August 25, 2019

First published August 24, 2019

 in Mid-day

The spoked wheel

Published on 24th August, 2019, in Mid-day

The spoked wheel is an important symbol in India, especially since the image is an integral part of our national flag. This wheel is considered to be Ashoka’s Dharma Chakra and is associated strongly with Buddhism. Unfortunately, that restricts its magical history, which spreads across Hindu and Jain mythologies also.

But, where did this spoked wheel come from? In the cities of Harappa, we mostly find solid wheels of carts pulled by oxen or donkeys. Evidence for horses and the spoked wheel is relatively sparse.

The first real evidence of chariots with spoked wheels pulled by horses appears around 3,200 years ago in the region we now call Kurdistan, in Turkey. This was where the Mitanni Empire existed. They fought against the Hittites, who lived in the north. The Hittites, in turn, were fighting the Egyptians. During this time, we have the famous king Ramses, whose statues are famous around the world even today. In his murals, we find the spoked wheel for the first time.

It is believed that one branch of people from the Great Steppe moved towards the West and another to the East. Some of them, the eastern branch settled in Iran, some of them moved to India, and maybe a branch went up to the region of Turkey. We can be relatively sure of this because we find clay tablets depicting a treaty signed between the Hittites and the Mitanni, with the first epigraphic evidence of the Vedic god Indra, Varuna, Mitra and the Ashvins.

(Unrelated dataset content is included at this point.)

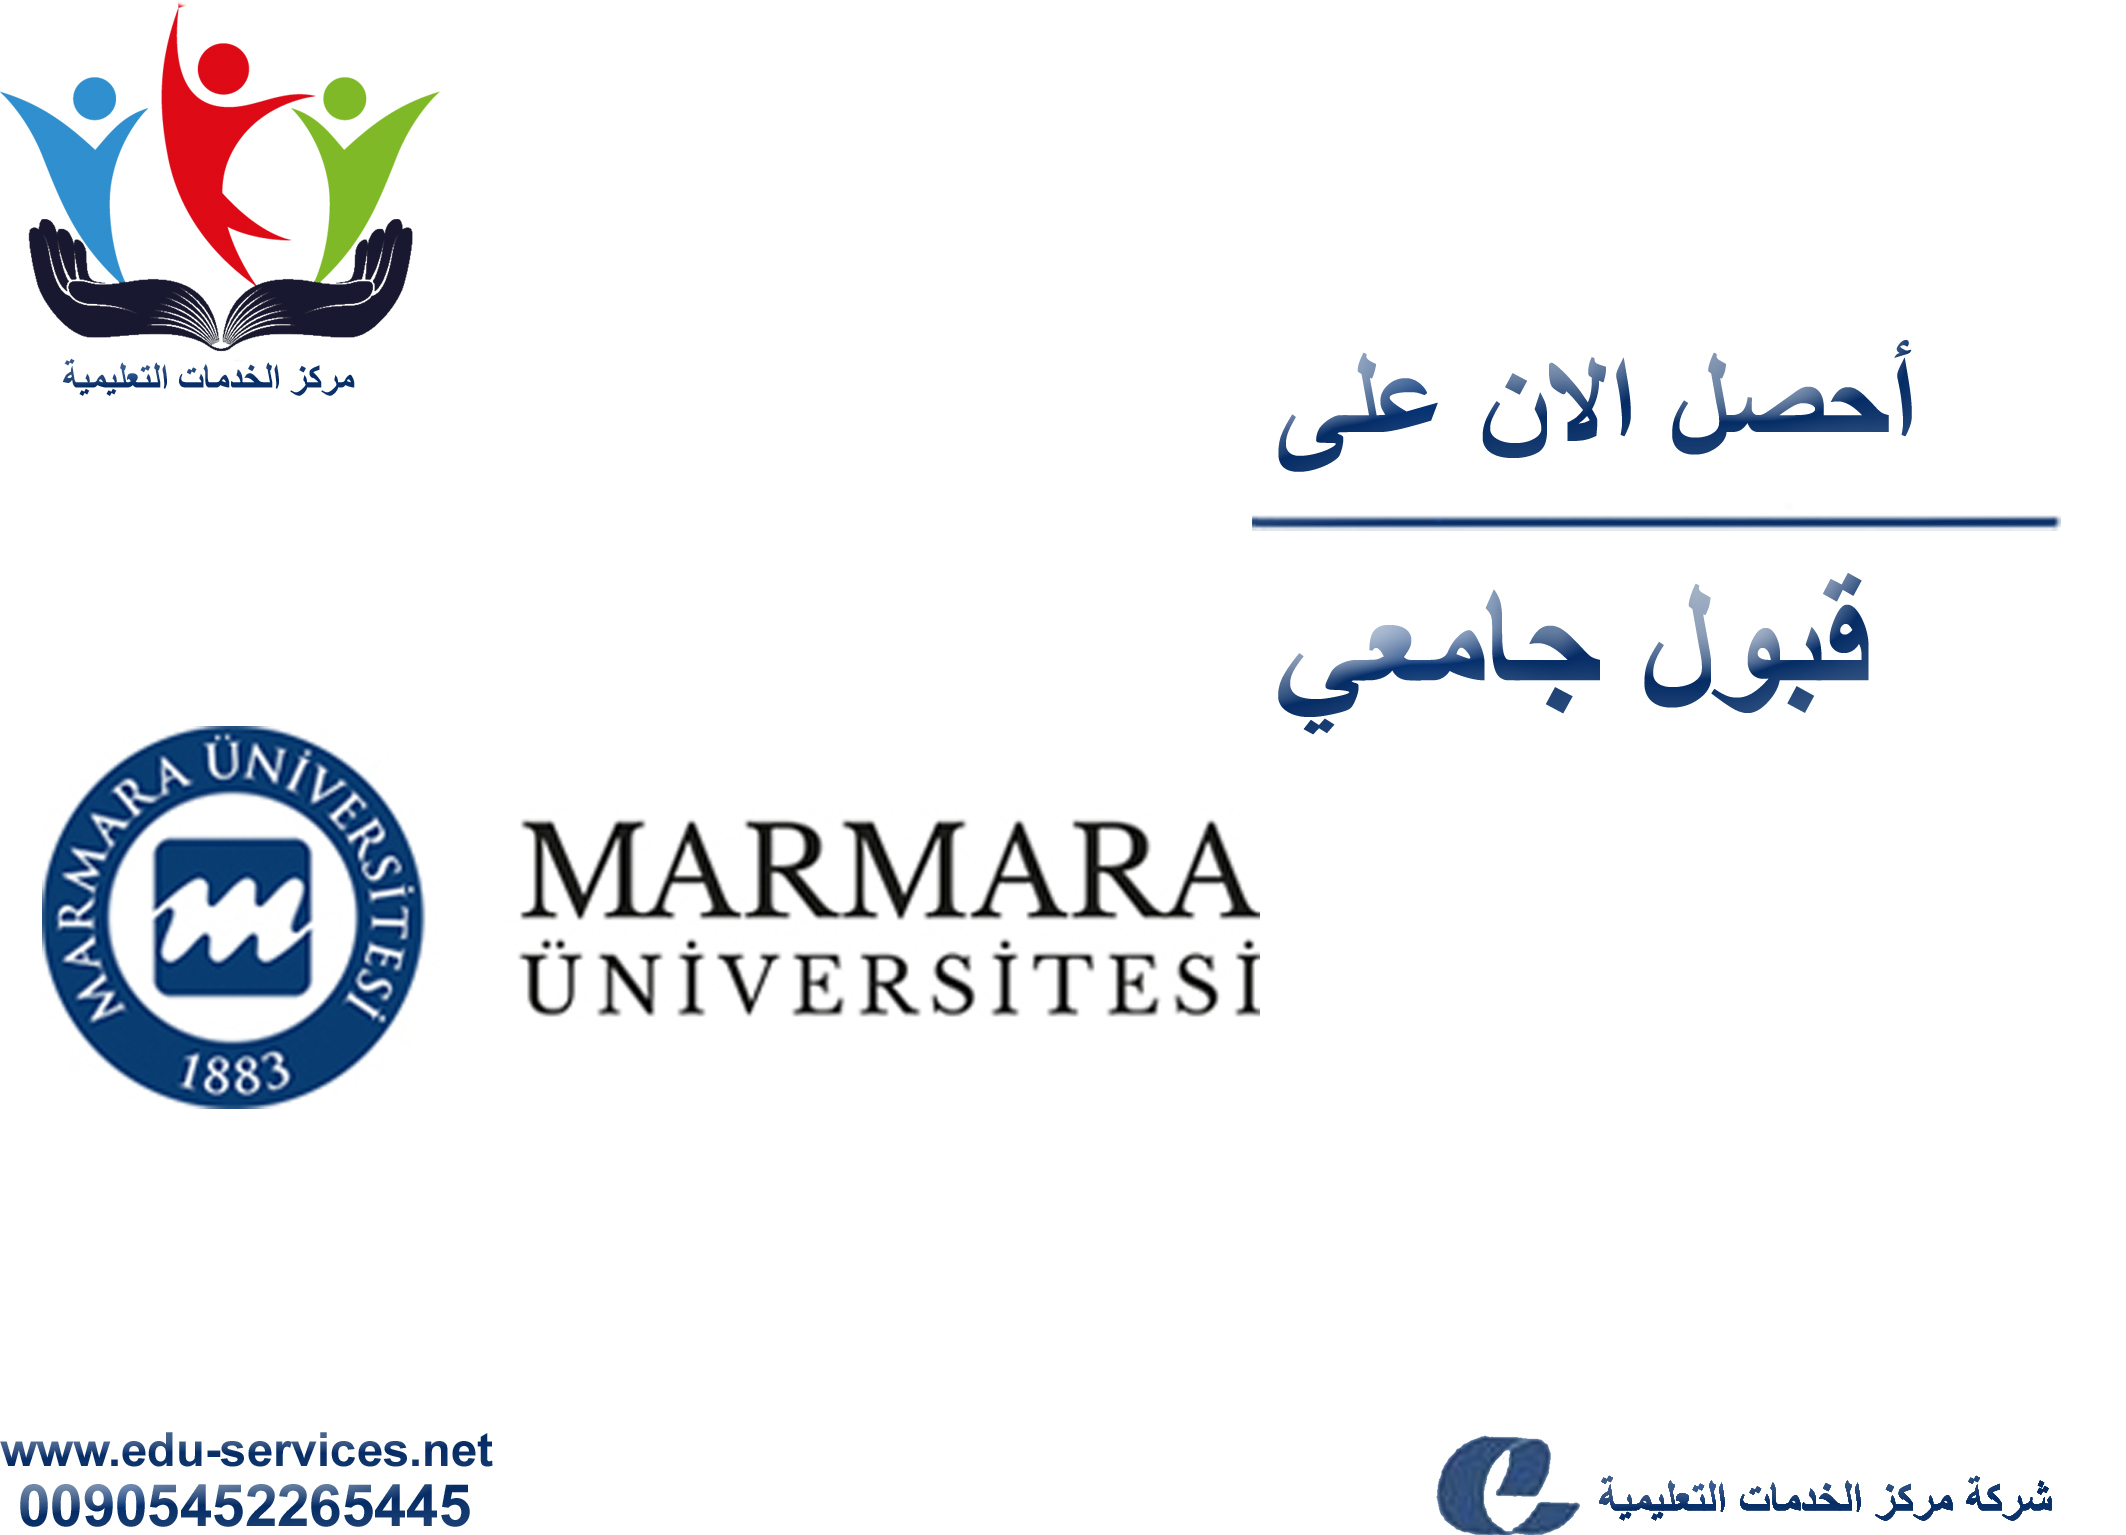 افتتاح التسجيل على جامعة مرمرة للدراسات العليا للعام 2018

More tablets in the area refer to the local Mitanni kings having horses, with language associated with horses and wheels, which are again linked to the Vedic civilisation. Thus, we know that approximately 3,200 years ago, the spoked wheel emerged, and it is at the same time that it would have become popular in India, too. It marks the rise of the Vedic civilisation.

In Vedic India, kings or rajas slowly called themselves Chakravarti, the wheel emperors, as their span of control expanded beyond herds and clans, to vast agricultural and pastoral lands along fertile riverbanks of the Ganga. Here, the rim of the wheel represented the boundary of his empire as well as the horizon, where the sky seems to touch the earth, which is circular in shape. The spokes represented the highways that connected the capital city or the king’s palace to the farthest horizon. Thus, it was the representation of the king’s empire, also known as the Raj Mandala. The spoked wheel also represented the wheel of the king’s chariot and the trader’s bullock cart that could go safely without fear to the far corners of the kingdom.

The Jain Agamas speak of Maha Purushas, the Chakravartis who ruled India. The first one was Bharata, son of Rishabha, after whom India is called Bharat-varsha. Buddhism refers to many Chakravartis such as Mandhata, who was so good that neighbouring kings asked him to rule their kingdoms, until ambition made him aspire for Indra’s paradise, and caused his fall.

The most important Buddhist wheel was the Dharma Chakra, the turning of the wheel revealed by the Buddha, which focused not on conquering land, but the mind. Hinduism values the wheel known as Sudarshan Chakra, which Vishnu holds. This represents the wheel of the zodiac, the wheel of earth, the wheel of time, and is a weapon, too. It is also visualised as a deity known as Chakra-purusha. The first image of Vishnu holding a wheel comes from Indo-Greek coins that are 2,000 years old.